At the substantive level, CIM can be implemented on a variety of elemental bases, including magnetic resistive energy, which is particularly important for applications of today's active Internet of things.
♪ Make it happen ♪
Now, the most important thing is how this multiplication is done. If you're short, the vector of input disturbances is set up by a set of voltage levels for each of the entrance channels.
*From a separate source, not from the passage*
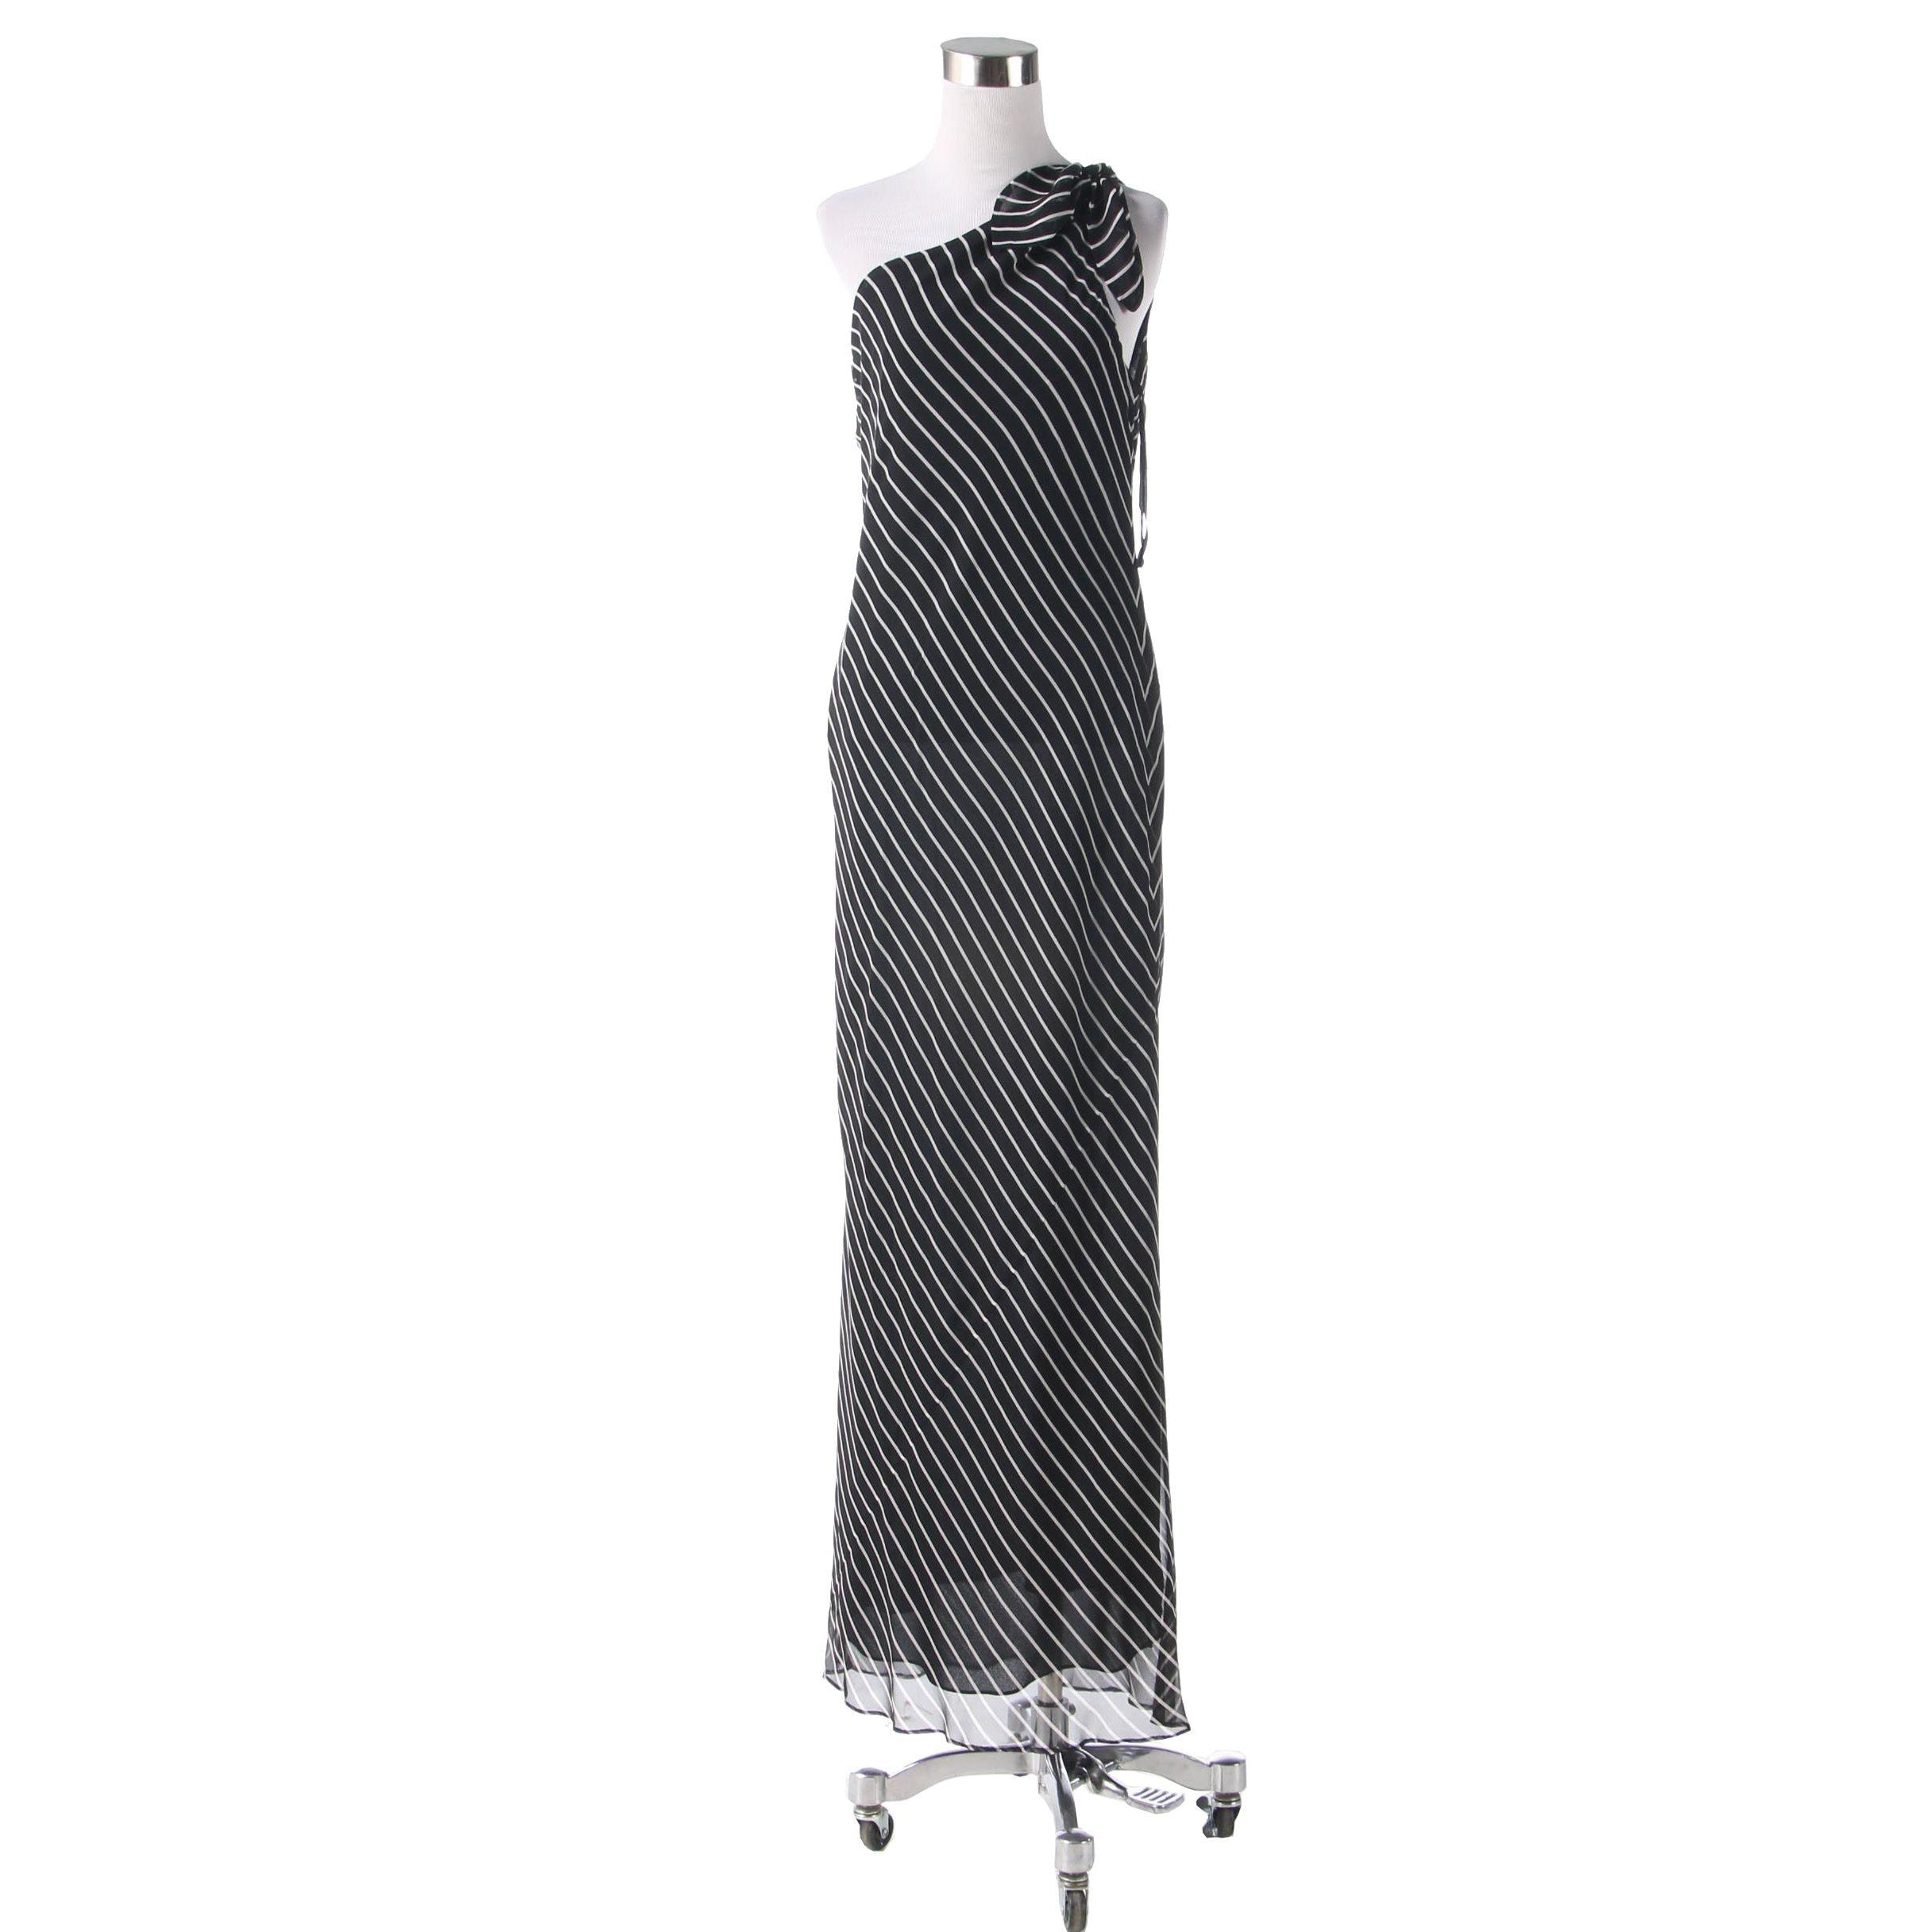 WorthWear Petite Silk One-Shoulder Evening Dress in Black and White Stripes

The balance matrix is an electrical microstructure with a corresponding distribution of the knots, and now it's perfectly natural, like an analog computer, the calculation is to implement objective patterns -- in this case, the Oma Law for each of the disturbances going through the matrix structure of the resistors, but the summation of the weighted signals is done in accordance with the Kirhgoff rules to add currents to complex circuits.
The first stage of processing is shown on the left: the transmission of signals from each receptor to the neuron is represented by the application of the voltage to the corresponding horizontal tyre of the NVM module. The weights 1, 2, etc. for each synapse are encoded the resistance of the individual PCM element in the matrix.
The values of the charges received are fixed on capacitors. . Now the entrances on the left are given from the said synaptic capacitors and the PCM elements are assigned new resistance values corresponding to the weights of 1, 2, etc. The result is that the same weighted summation method, again using a complete analog pattern, without any number of operations, produces the final values of the effectors charge.
From a technical point of view, the NVM calculator is an intermediate in complexity between the memory module and the universal processor. For example, the M1076 Mythic analog matrix processor, created according to 40 nm production standards, contains 76 CMS-based matrices, all of which fit into the M2 expansion map format.
The application of such a chip, together with the NVIDIA Jetson Xavier NX module, a typical choice in the construction of a modern digital neural network, allows, according to the developer's representatives, to increase the effective productivity of the NVIDIA computing unit two to three times. A full-scale PCIe and 15 analog matrix processors on board promise a capacity of up to 400 TOPS with the ability to set up up up to 1.28 billion synaptic weights and consumes no more than 75 W. The similar course is moving IBM: it is already testing an analog NVM computation based on memory elements with a phase transition, the size of which has a working matrix of 784 x 250 elements, and it is already possible to launch its II mission on this device directly online.
The energy-efficient AI in an analog hardware facility can literally revive many elements of the Internet of things, industrial and household, which urgently need the ability to analyse what is happening in real time and form an adequate response: from video surveillance cameras to autonomous transport and drones. Experts estimate that already available analog computing will reduce energy consumption by 10 times in neuromorphic calculations; especially attractive in terms of the current state of the IT industry is the focus on mature technological processes, which makes it possible not to shut down the production of conventional microprocessors on boulder logic for them, and ultimately create high-profile digital computer complexes in a wide range of parameters.